## Data shown:
↓↓↓

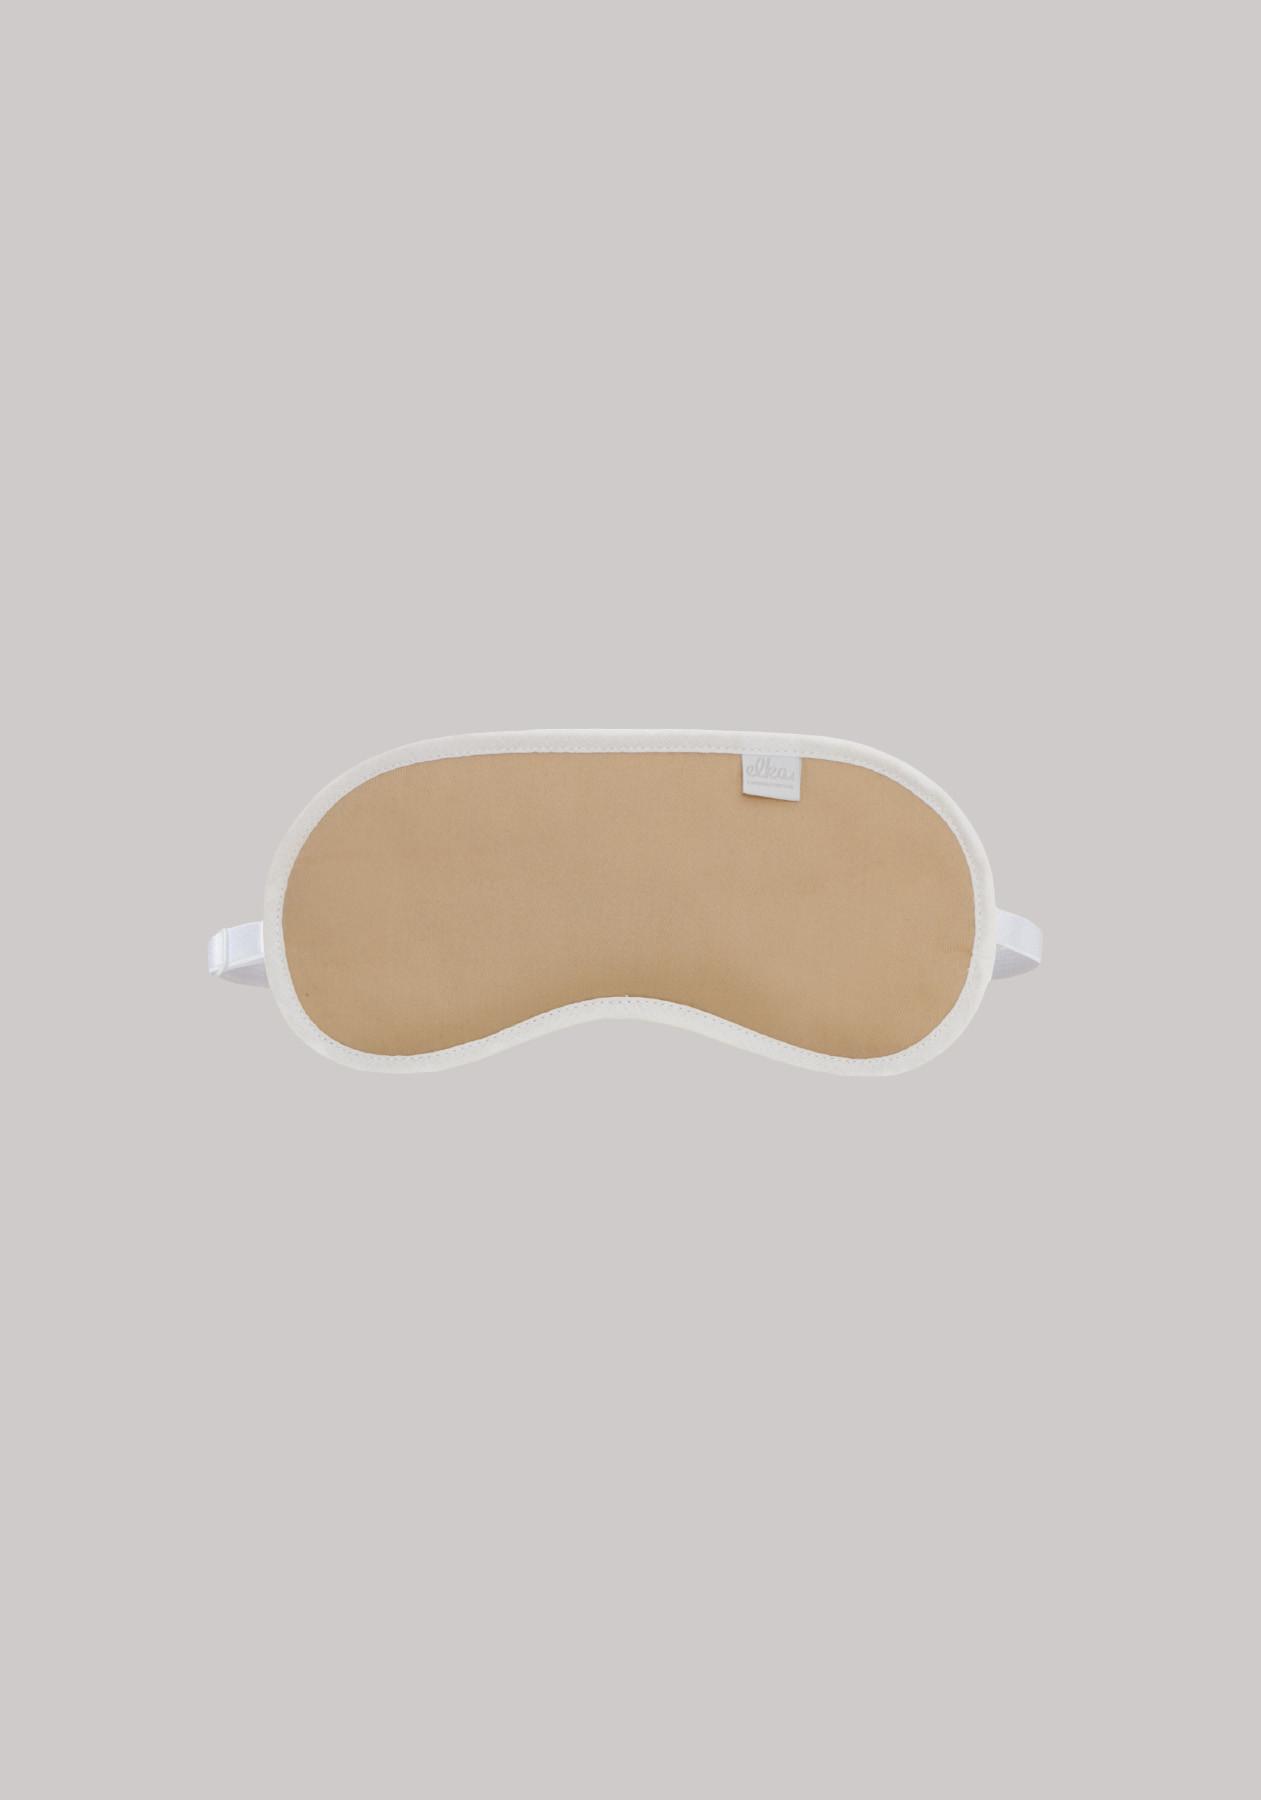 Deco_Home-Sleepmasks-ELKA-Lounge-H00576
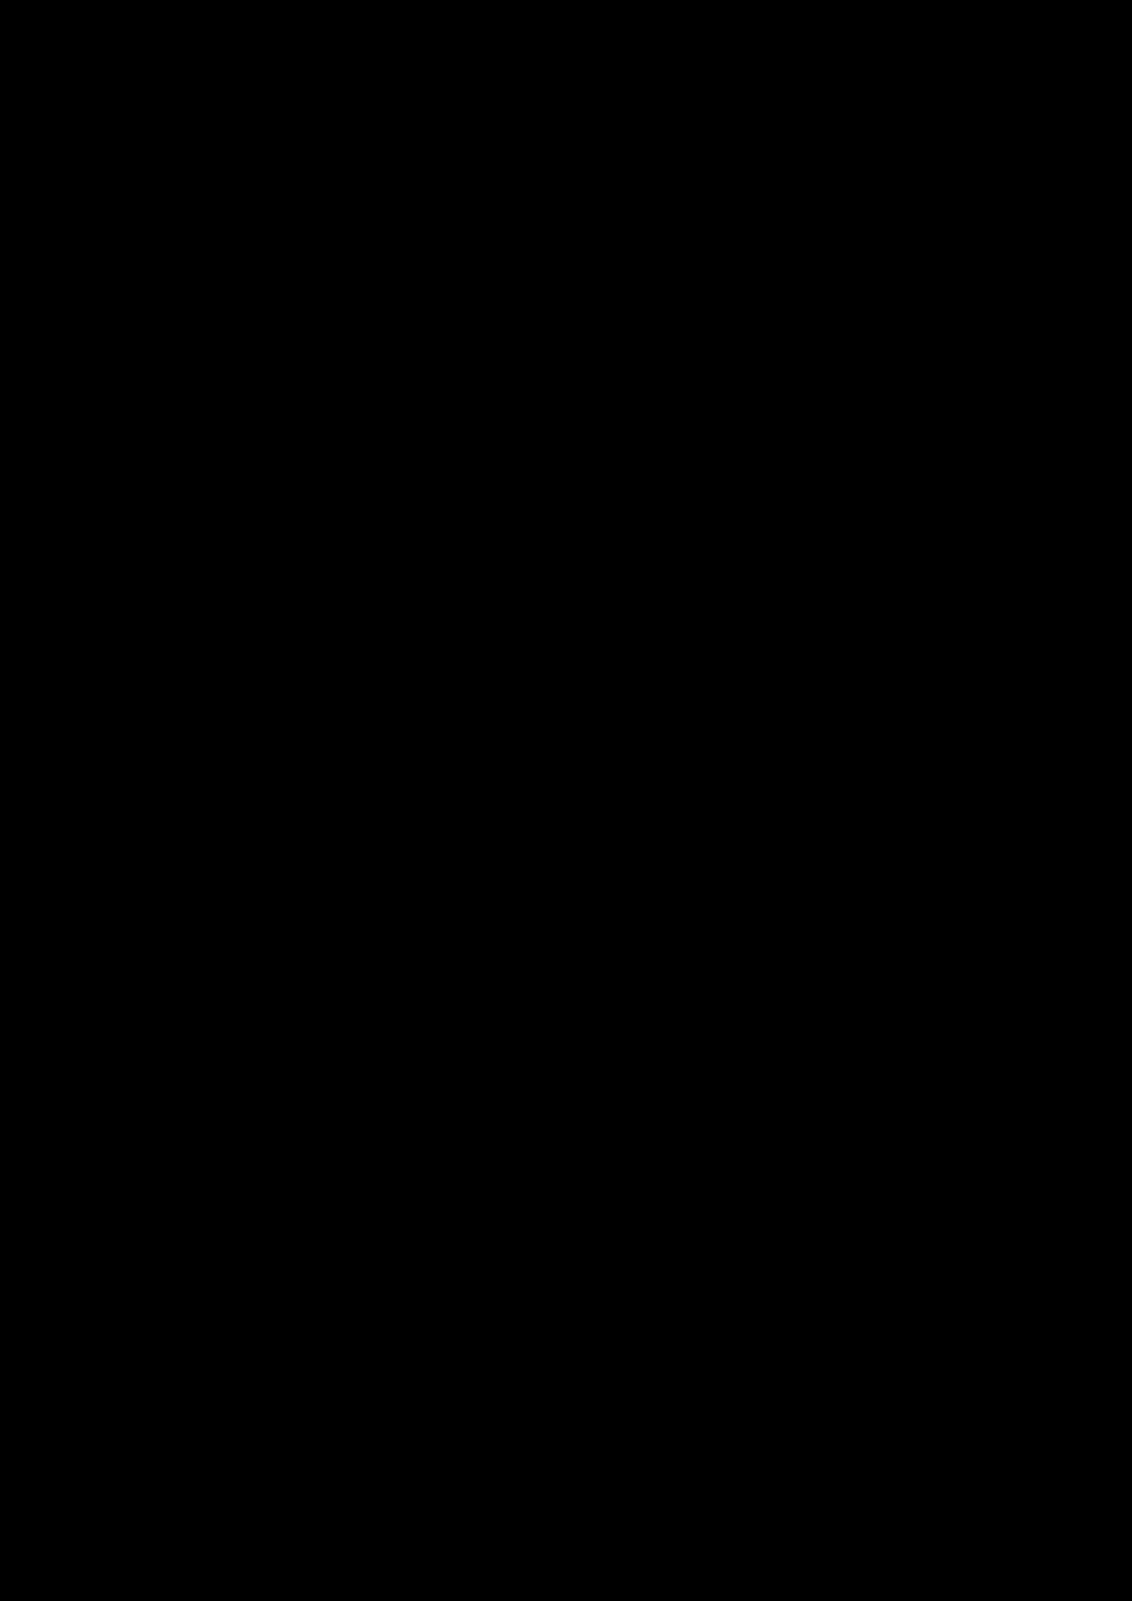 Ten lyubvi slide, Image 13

↑↑↑
↓↓↓

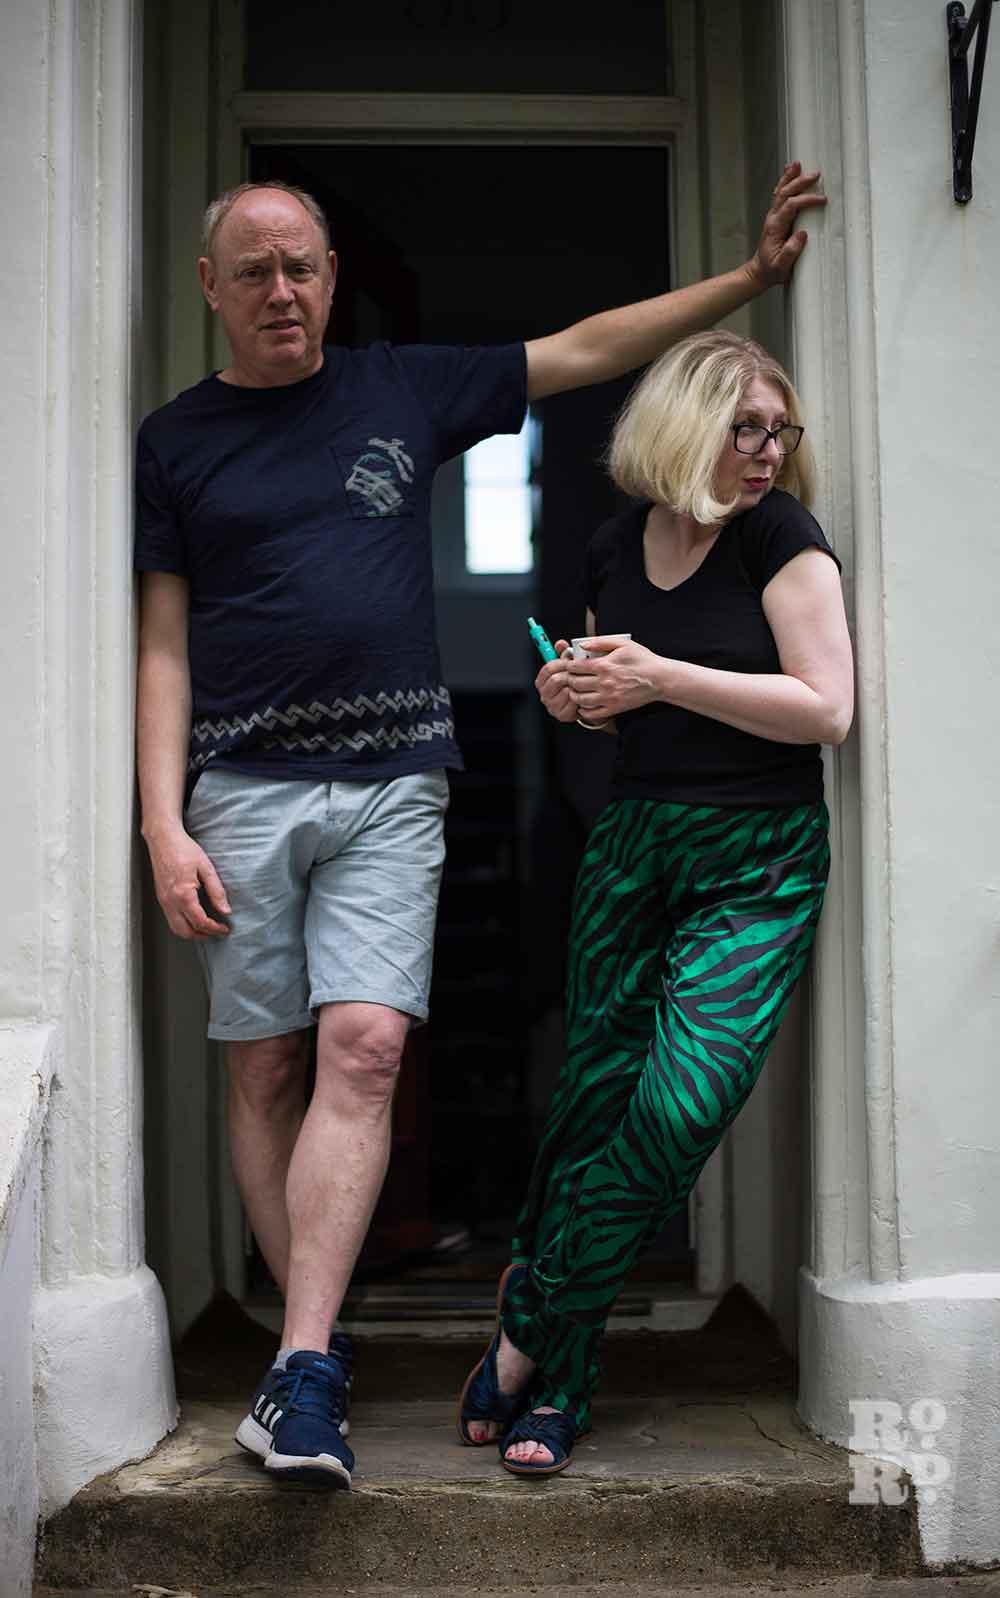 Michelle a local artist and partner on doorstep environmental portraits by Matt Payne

↑↑↑

## Exercise objective:
Within the listing above, copy exactly the lines that start at the one with "Deco_Home-Sleepmasks-ELKA-Lounge-H00576" and continue through the one with "Ten lyubvi slide, Image 13". Omit pictures.

## Written answer:
 Deco_Home-Sleepmasks-ELKA-Lounge-H00576
 Ten lyubvi slide, Image 13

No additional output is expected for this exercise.